# THE TASK
Your answer must be the data repeated exactly, with no pictures in it.

# DATA BELOW
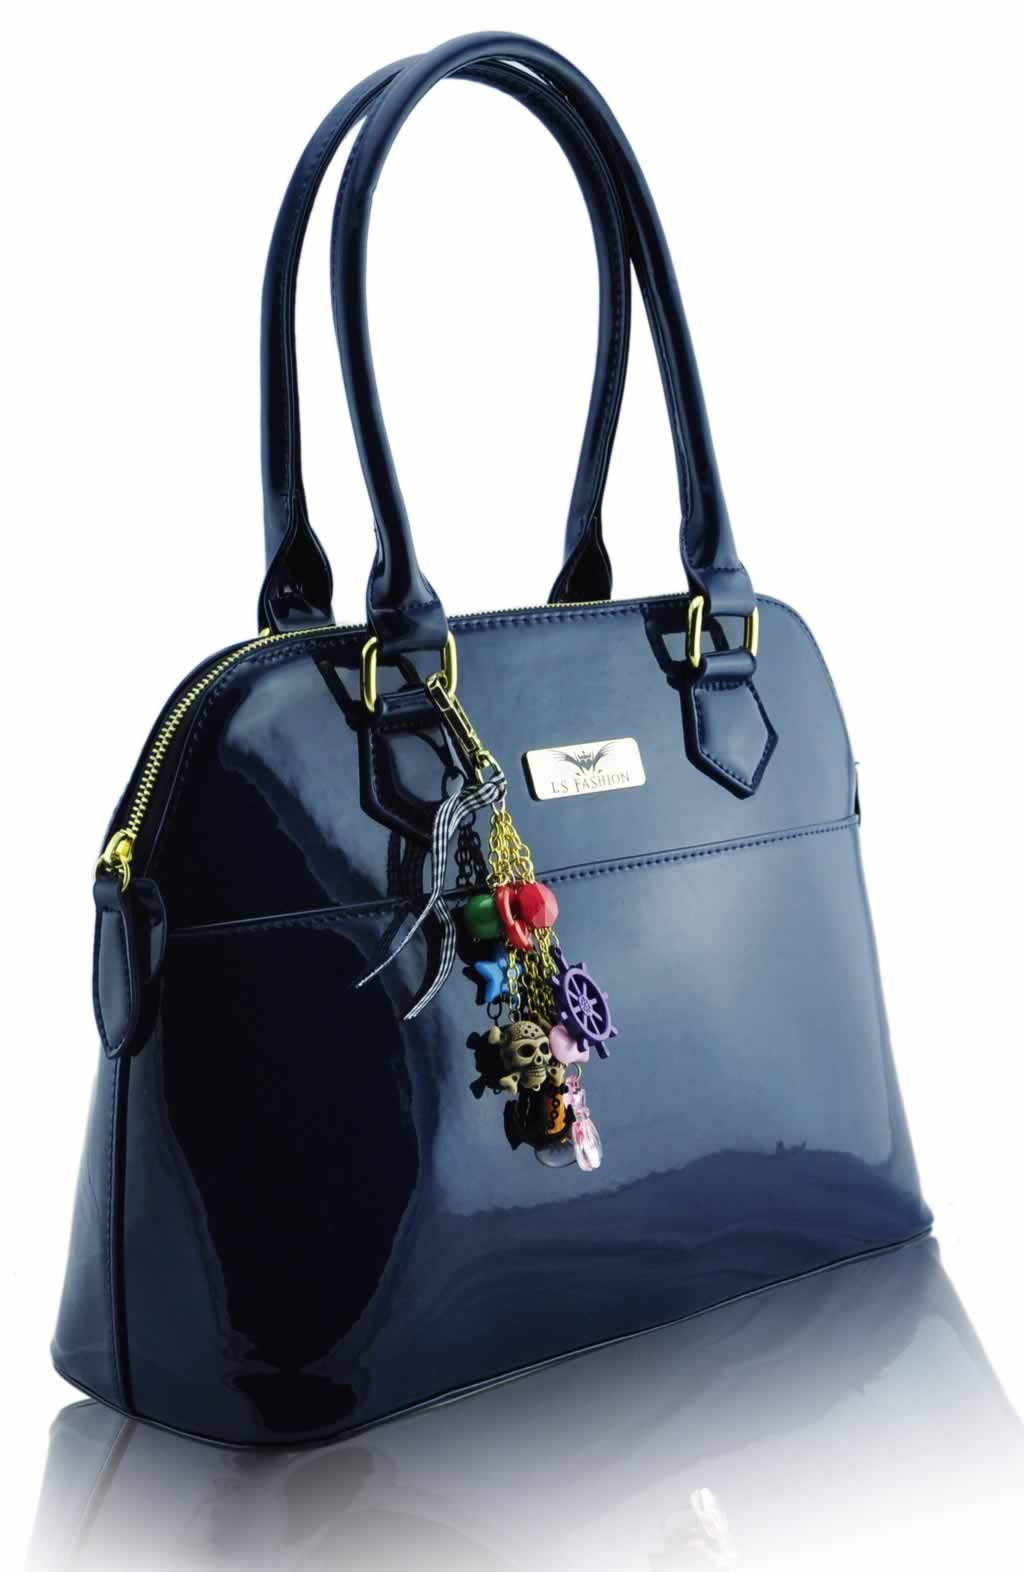 Home HANDBAGS LS6001 - Navy Patent Tote Fashion Handbag
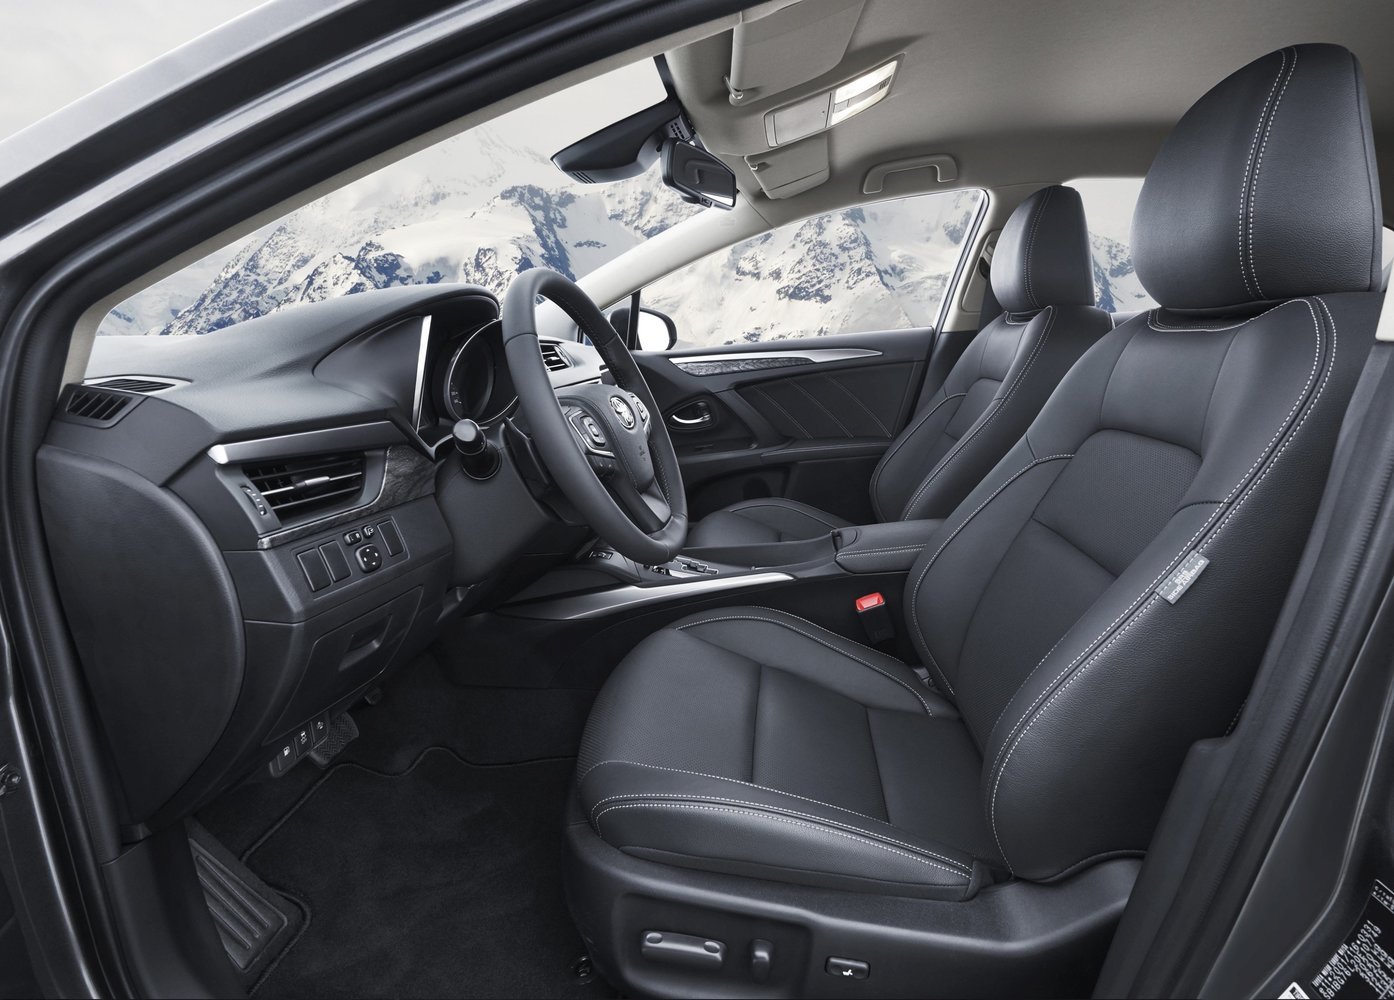 универсал Toyota Avensis 2015 - 2016г выпуска модификация 1.6 MT (112 л.с.)
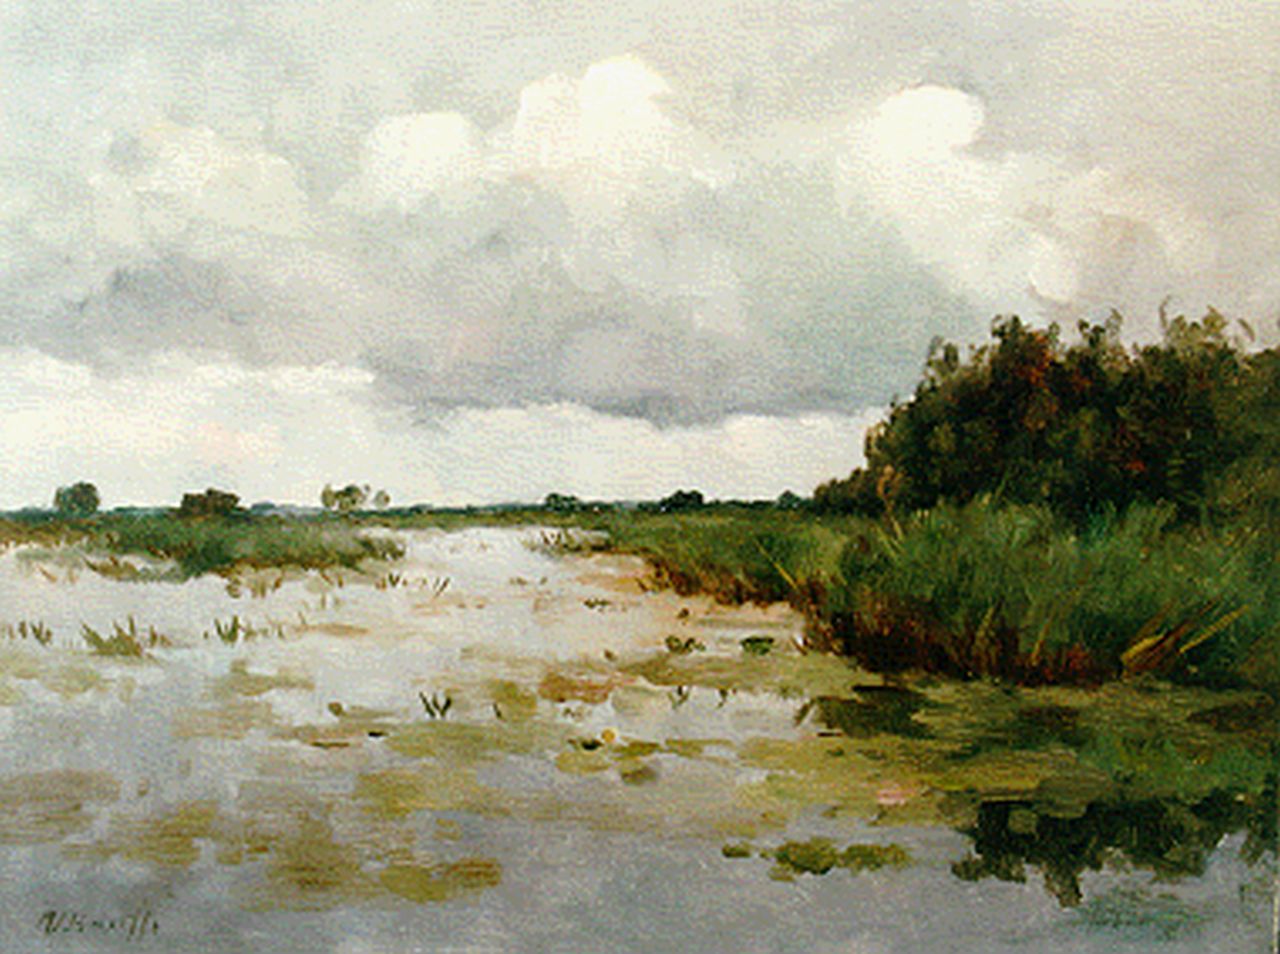 Bauffe V.  | Victor Bauffe, Polderlandschap bij Kortenhoef, olieverf op doek 38,5 x 50,2 cm, gesigneerd linksonder
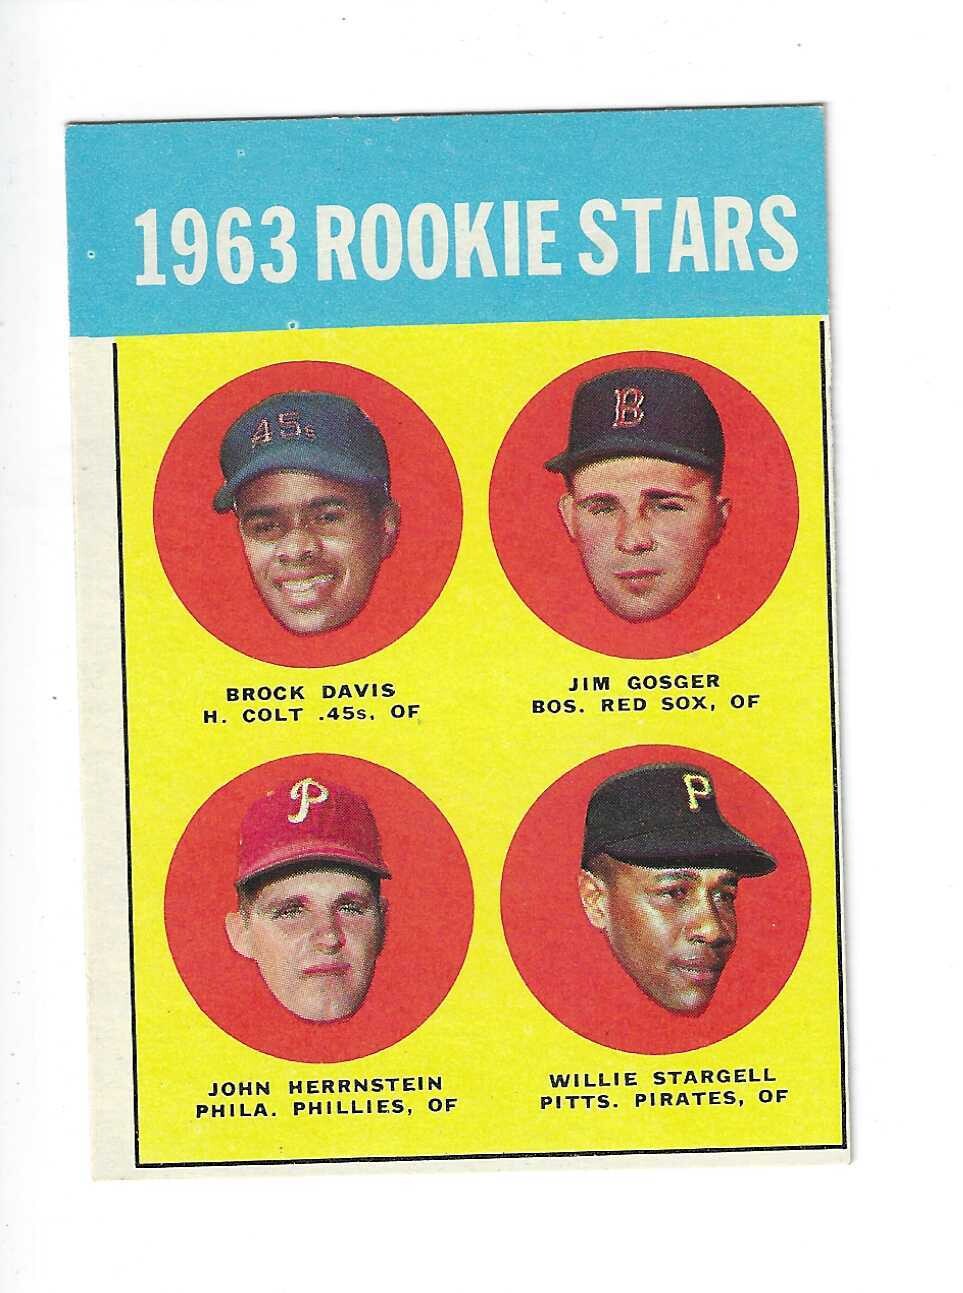 1963 Topps #553 Willie Stargell rookie list $500

# TASK ANSWER
 Home HANDBAGS LS6001 - Navy Patent Tote Fashion Handbag
 универсал Toyota Avensis 2015 - 2016г выпуска модификация 1.6 MT (112 л.с.)
 Bauffe V.  | Victor Bauffe, Polderlandschap bij Kortenhoef, olieverf op doek 38,5 x 50,2 cm, gesigneerd linksonder
 1963 Topps #553 Willie Stargell rookie list $500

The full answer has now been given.